La situation des assiégés semble extrêmement compromise. Certains d’entre eux tentent d’audacieuses sorties, tandis que d’autres essaient, mais en vain, de s’enfuir à bord d’ambulances de la Croix-Rouge.
A Beyrouth, dans l’entre-temps, le gouvernement s’inquiète des vives tensions ressenties dans d’autres camps de réfugiés palestiniens, particulièrement à Aïn el-Hilwé, dans la région sud, dans le périmètre de la ville de Sidon.
Le gouvernement a également alerté la Ligue arabe et l’ONU au sujet d’infiltrations massives de miliciens et de matériel militaire au travers de notre frontière avec la Syrie. Ces combattants et leurs cargaisons se dirigent vers la plaine de la Bekaa, où ils se joignent aux milices du FPLP Commandement Général d’Ahmed Jibril et au Fatah-Intifada, qui sont deux organisations supplémentaires téléguidées par Damas.
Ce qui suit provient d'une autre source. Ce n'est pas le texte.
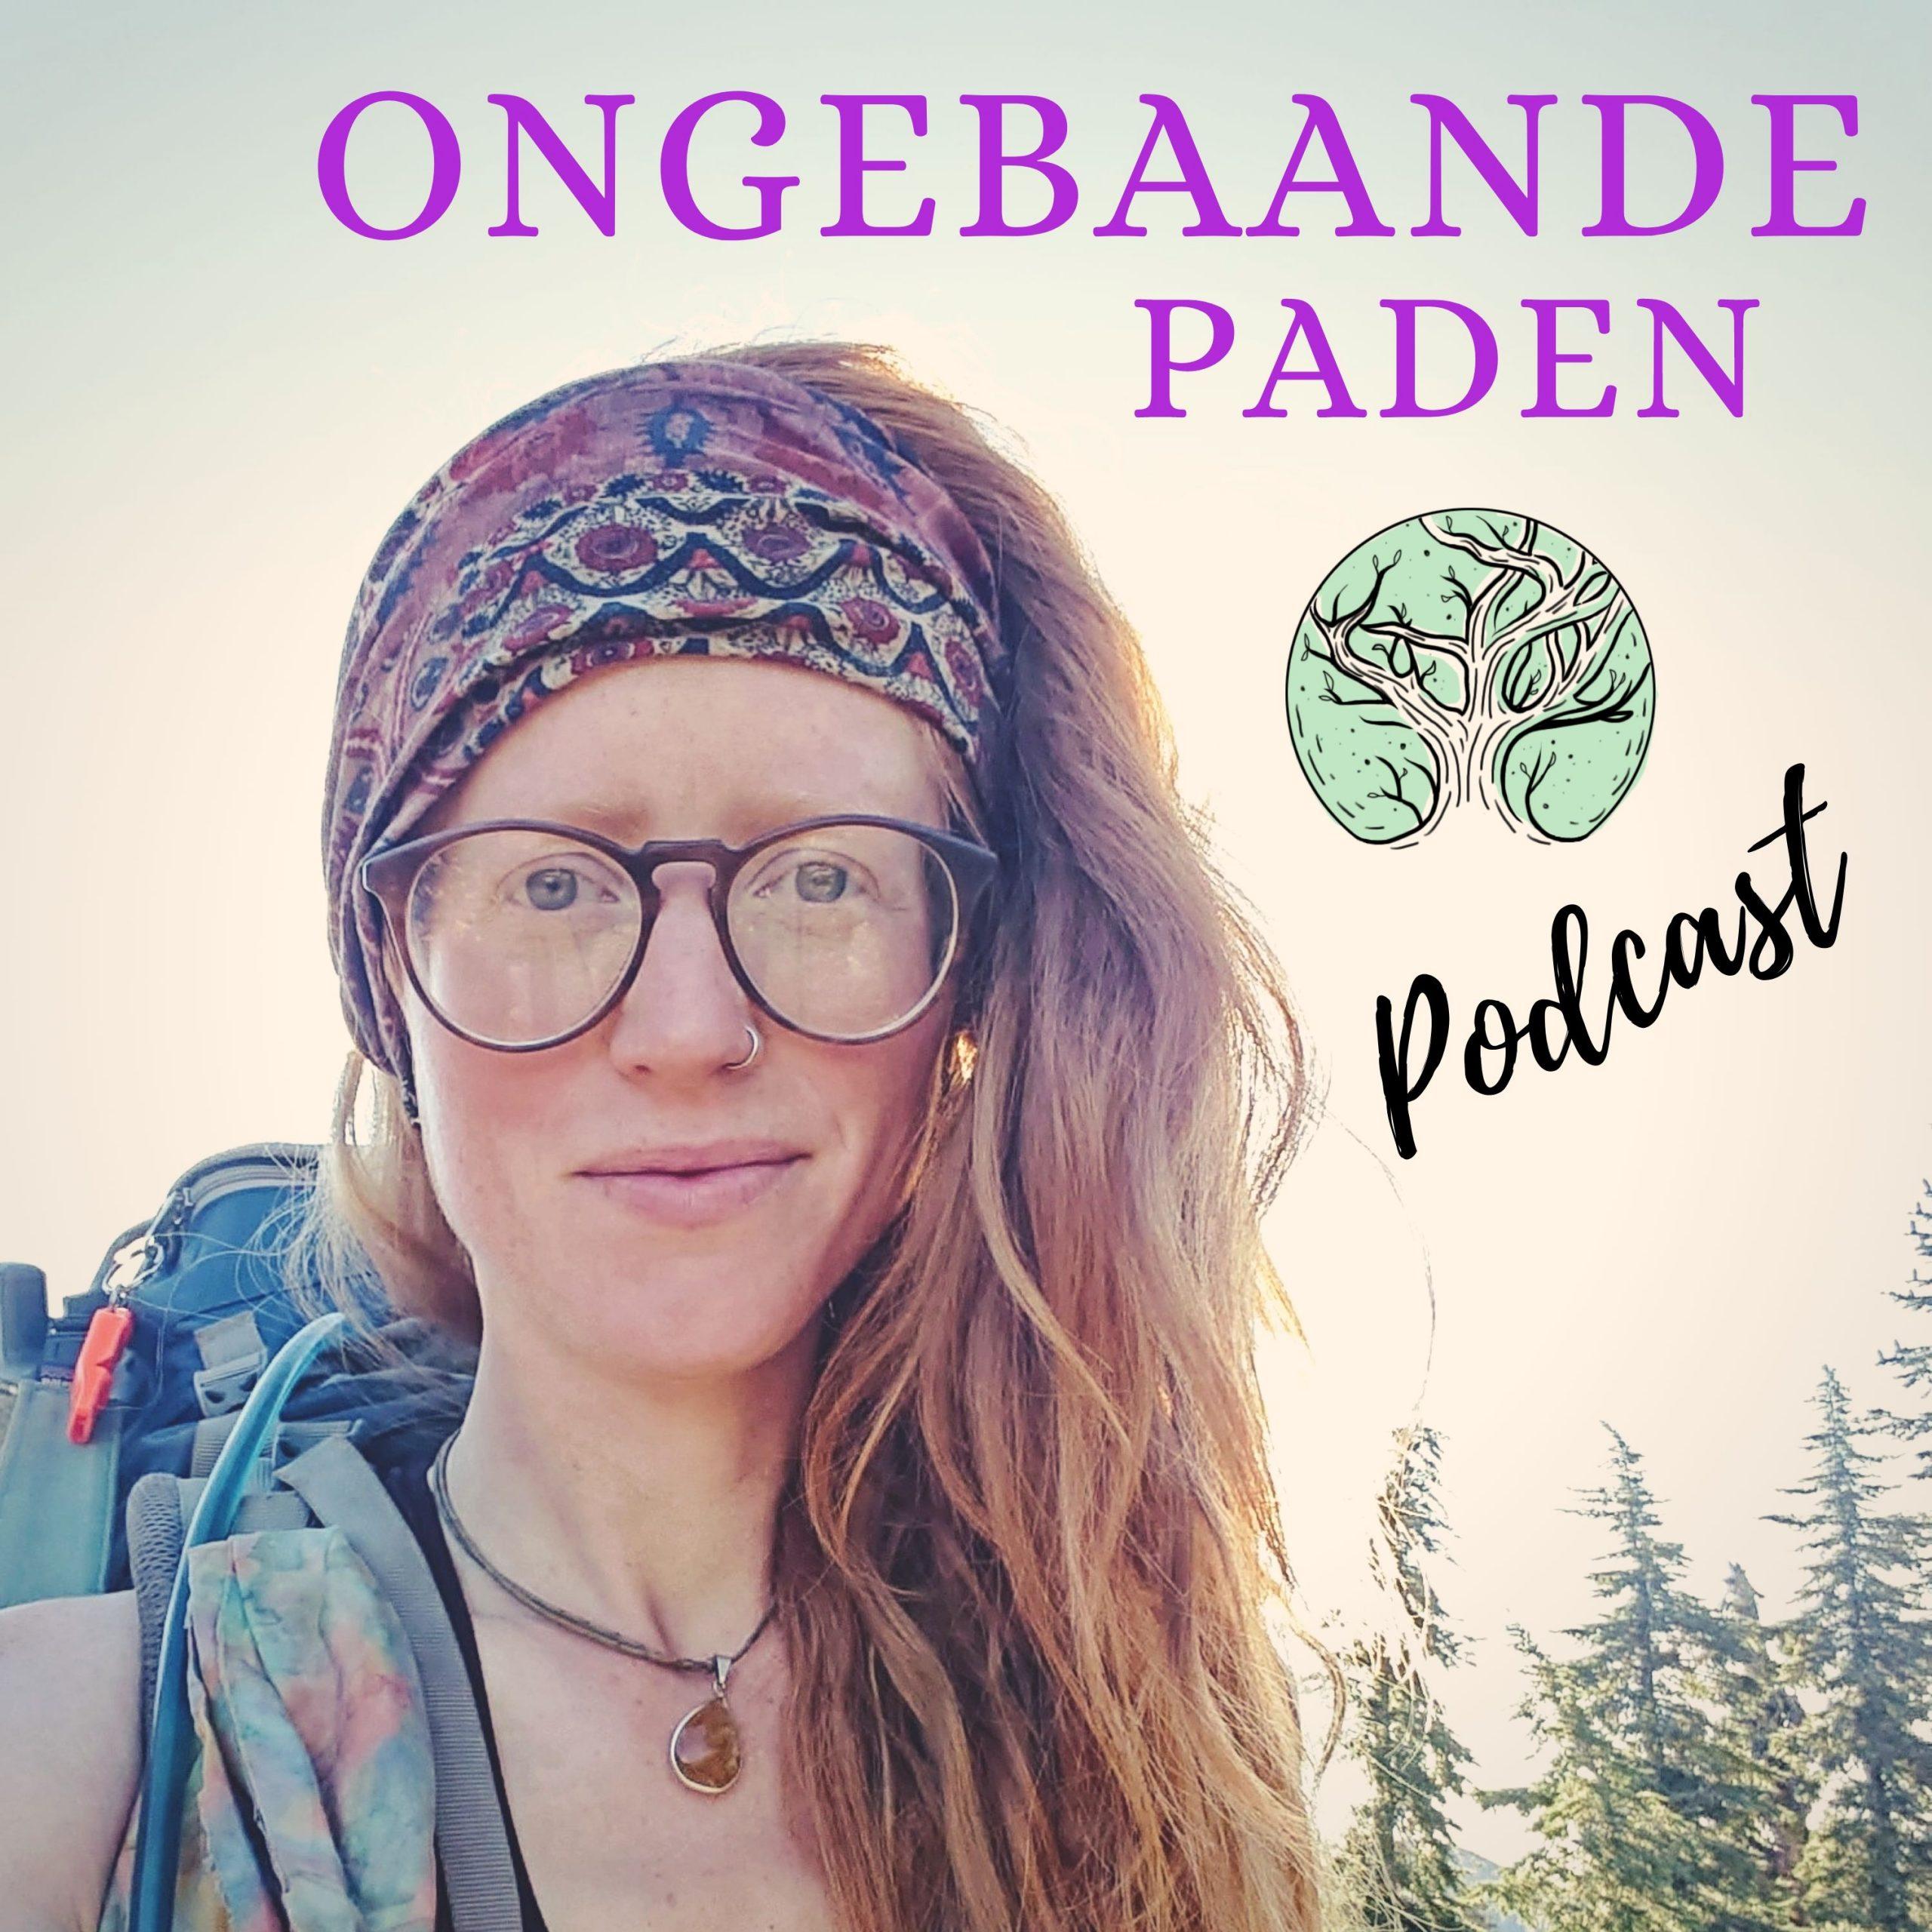 Ongebaande Paden Podcast art

Le gouvernement et l’armée soupçonnent une tentative de déstabilisation généralisée de la part des Syriens, qui viserait à étendre les combats de Nahr el-Bared à d’autres régions du territoire. Cela explique la volonté affichée par l’état-major « d’en finir rapidement avec le problème posé par le Fatah el-Islam », afin, à la fois, de libérer les troupes d’élite pour les rendre disponibles sur d’autres fronts et de faire étalage de l’efficacité de nos forces armées.
Suite aux messages émanant du Sérail, la Commission de surveillance des frontières de l’ONU a effectué deux descentes surprises, en l’espace de 48 heures, en divers points de la frontière syrienne. Les inspecteurs ont eu tout le loisir de photographier des franchissements illégaux, de même que des opérations de contrebande d’armes en direction de camps du FPLP et du Fatah-Intifada, situés à proximité, en territoire libanais. L’ONU envisagerait de placer des caméras automatiques aux points névralgiques afin de documenter les infractions en provenance de Syrie.
Sur le théâtre politique, la majorité gouvernementale fait bloc derrière l’armée. Le général Michel Aoun, dans l’opposition, l’a également assurée de son soutien, de même que le leader druze, Walid Joumblatt, qui, de plus, a fustigé les propos génocidaires contre Israël, prononcés avant-hier par le président iranien Ahmadinejad. Ce dernier avait précédemment déclaré à Aljeezira que le compte à rebours pour la destruction de « l’entité sioniste » avait débuté et qu’elle se produirait à partir du Liban. Joumblatt estime que ces propos sont délirants et que le Liban a déjà rempli plus que sa part dans la guerre arabe contre Israël.
Au Hezbollah, dans l’autre courant chiite Amal de Nabih Berri, et à la présidence, tous des alliés de la Syrie, on fait, pour l’instant, profil bas, en mettant en avant la nécessité de trouver une issue pacifique aux combats. Dans ces milieux, on dénonce également les Etats-Unis, qui soutiennent logistiquement notre armée, les accusant de vouloir mettre la main sur toutes les richesses arabes.
Bref, dans ce pays connu pour ses alliances fluctuantes, dont l’avenir est hypothéqué par la présence massive de forces armées supplétives de notre ennemi syrien, chaque point de conflit, même limité géographiquement au départ, risque, en permanence, de s’étendre au reste du pays. Avec, en face, deux inconnues : l’attitude des 15 000 hommes de la FINUL en cas de conflit avec les prosyriens, et la capacité, à terme, pour l’instant prometteuse, de l’armée libanaise de participer au maintien de notre liberté et de notre indépendance.